People are the Key to Digital Evolution of Biopharma

There is a clear trend towards the adoption of digital manufacturing in the biopharmaceutical industry, with experts citing globalization, supply chain complexity, price, and cost pressure as key drivers for embracing this innovation. Véronique Chotteau, PhD, of Sweden’s Royal Institute of Technology (KTH) cell technology group, says the newfound willingness to invest in innovative manufacturing technologies reflects the emergence of a new generation of executives who understand their benefits for complex cell-based bioproduction. As well, increasing interest in continuous bioprocesses require advanced tools for on/in-line monitoring (process analytical technology) and feedback controls compared to legacy batch operation.

However, Chotteau recognizes there is a shortage of staff with digital manufacturing expertise, which could slow momentum particularly with more challenging modalities like cell and gene therapy. Overcoming siloed knowledge across disciplines and increasing academic support in bioprocessing will go a long way to addressing the personnel shortfall in years to come and increase competency across the digital space in biomanufacturing.

Bioprocess Feed Automation Enabled through Software Scripts

In cell-based bioproduction, optimizing the culture feeding is critical to maintaining a high volumetric productivity and is a central part of upstream bioprocess development. In this article, author Ulrike Rasche of Eppendorf’s SE Bioprocess Center in Germany discusses how to automate culture feeding with digital technologies to improve bioprocess efficiency.

Fed-batch fermentation is the most common mode of operation in the bioprocess industry where cells or microorganisms are grown in bioreactor systems and nutrients are incrementally added throughout the duration of the culture period to keep cells in exponential growth phase. Substrate limitation typically dictates the start of culture feeding but it is important that the substrate is not added in excess to limit unwanted by-product accumulation while fully supporting cell growth.

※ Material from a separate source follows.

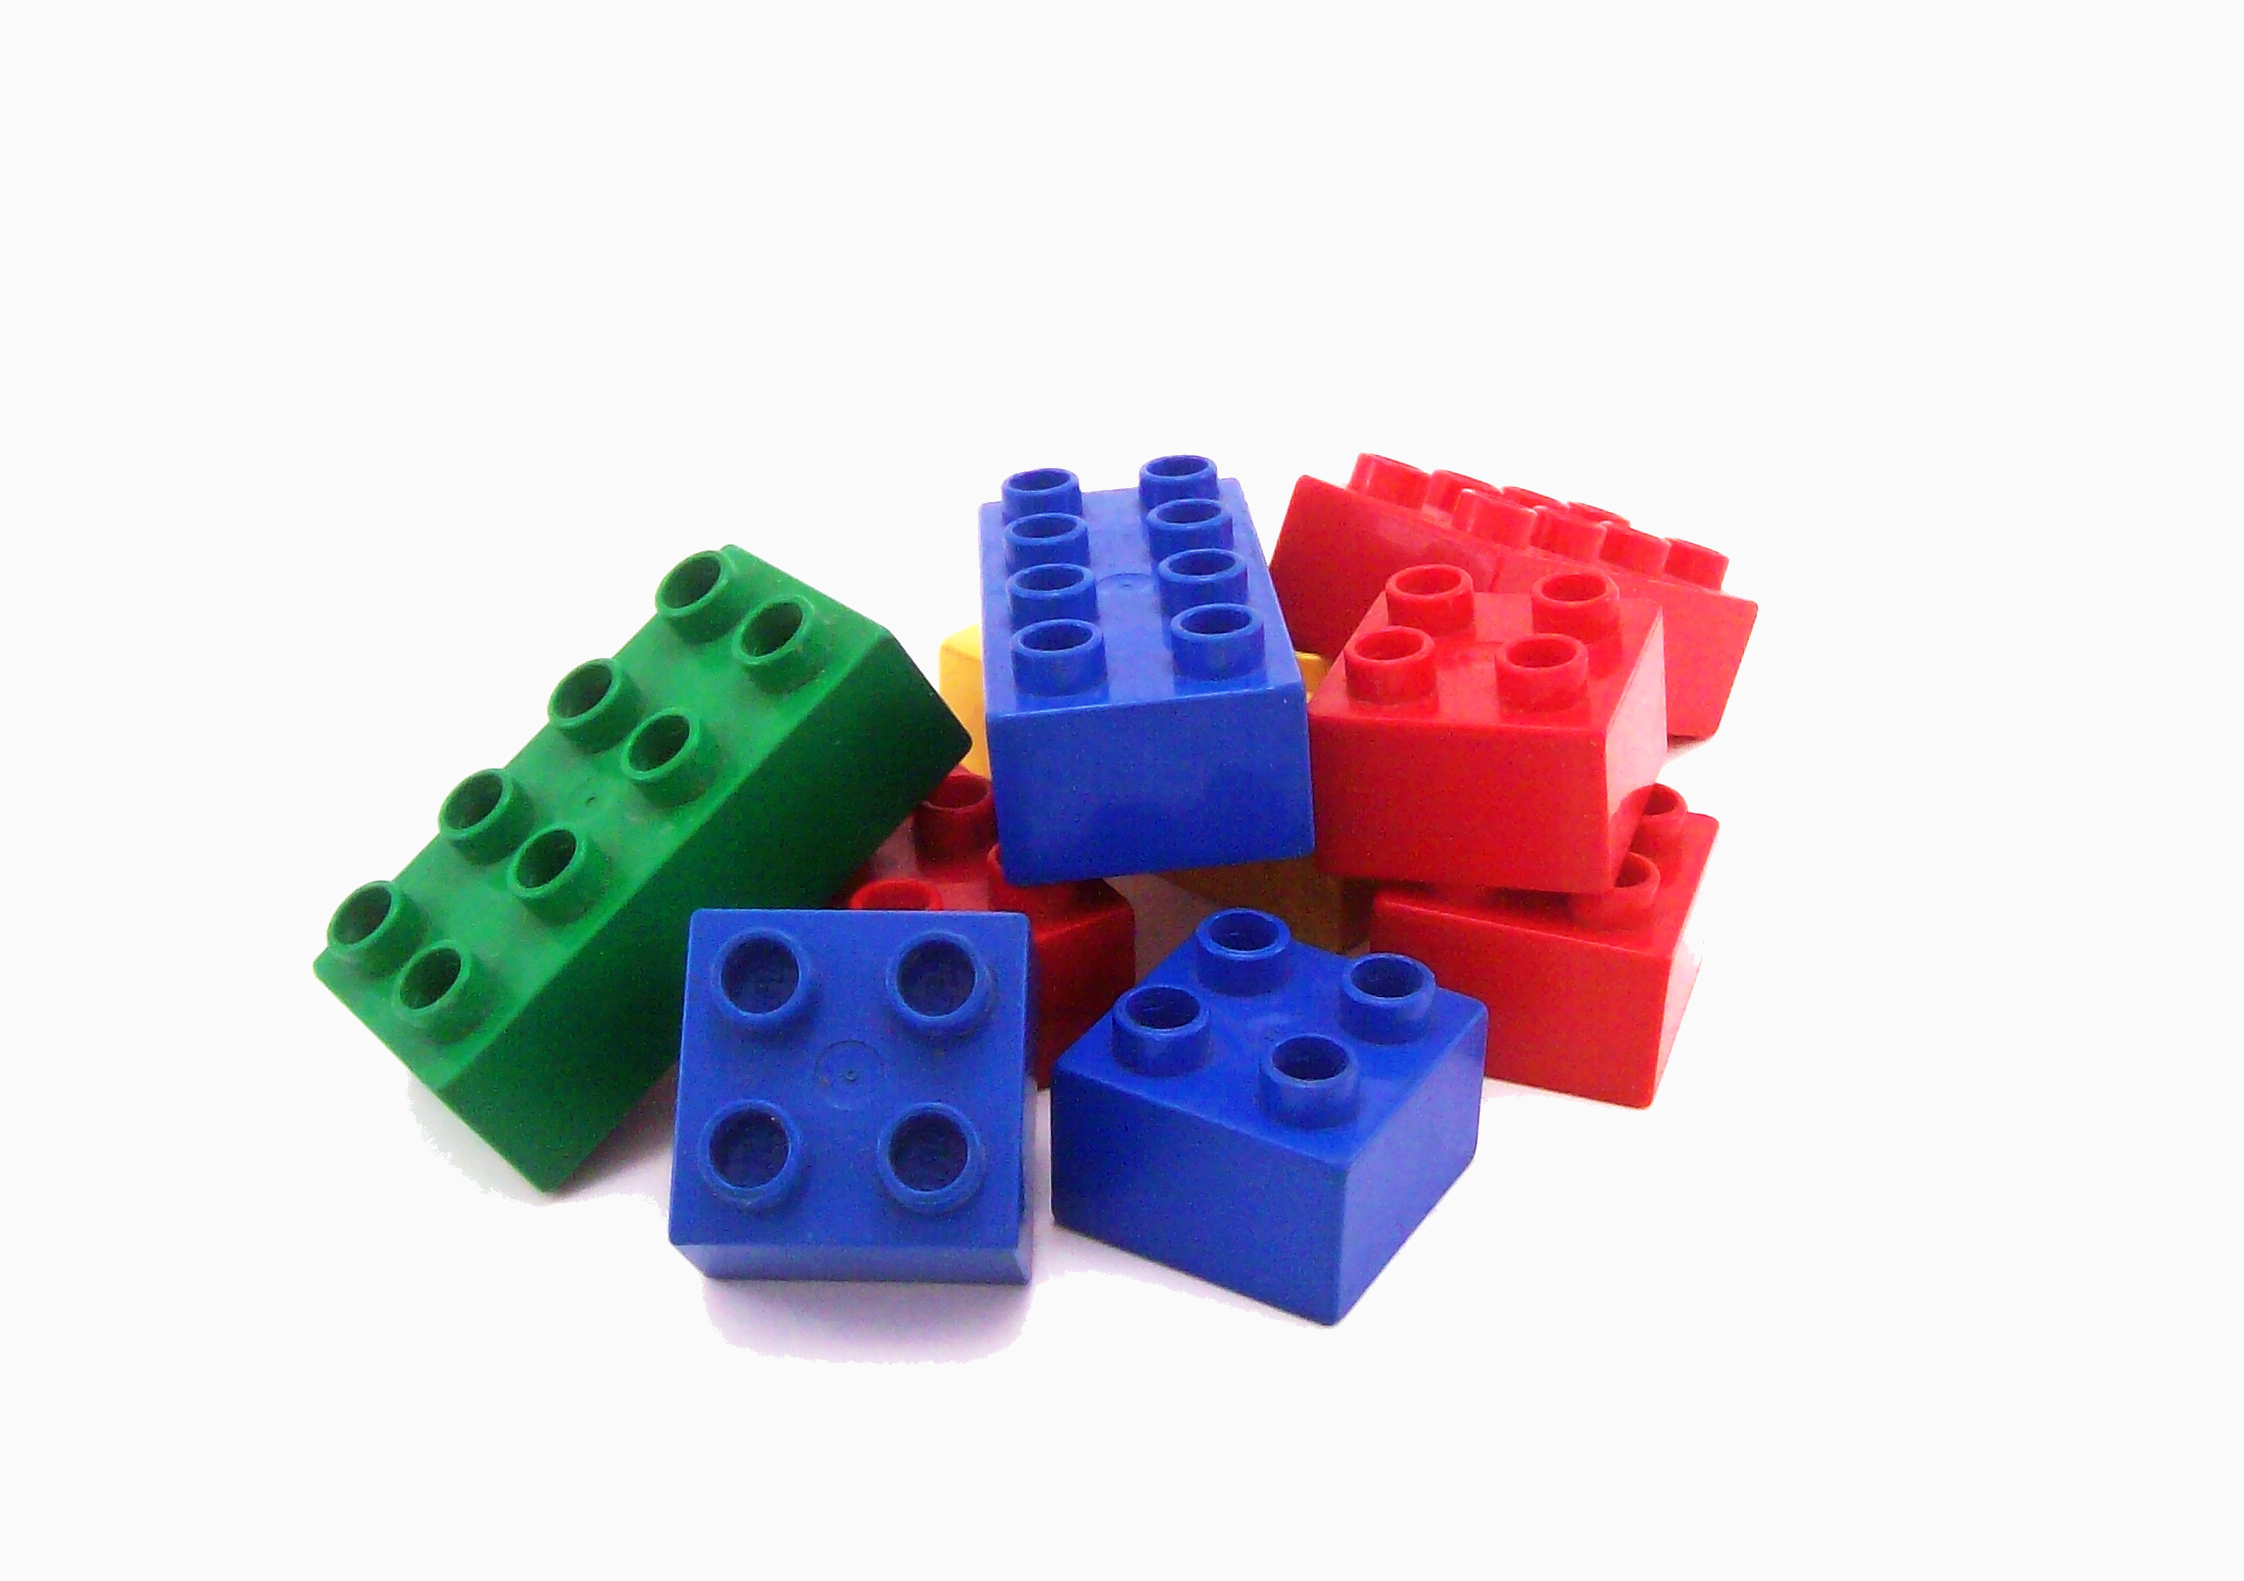 2244x1581 Top 66 Lego Clip Art

Classically, investigators must sample the bioreactor at designated time intervals to assess the metabolism of the cells to determine the start of feeding but this analog method is laborious and prone to failure if time points are missed, which can negatively impact the culture’s productivity.  Implementing an automated feeding process offers numerous advantages:

• Prevent nutrient depletion
• Generate a more stable macro-environment
• Reach higher product yields
• Reduce manual workload
• Improve standardization

To effectively implement automated feeding, a device that drives the feed solution in the bioreactor automatically and programmable bioprocess software (for example DASware® control) are needed. Typically, a feed pump that is driven by the bioprocess control software with scripting functionality. Software scripts are valuable tools to implement precise bioprocess control routines to enable process automation under user-defined conditions. The author presents two software script strategies designed to optimize the culture feeding process: time-based feeding and sensor-based feeding.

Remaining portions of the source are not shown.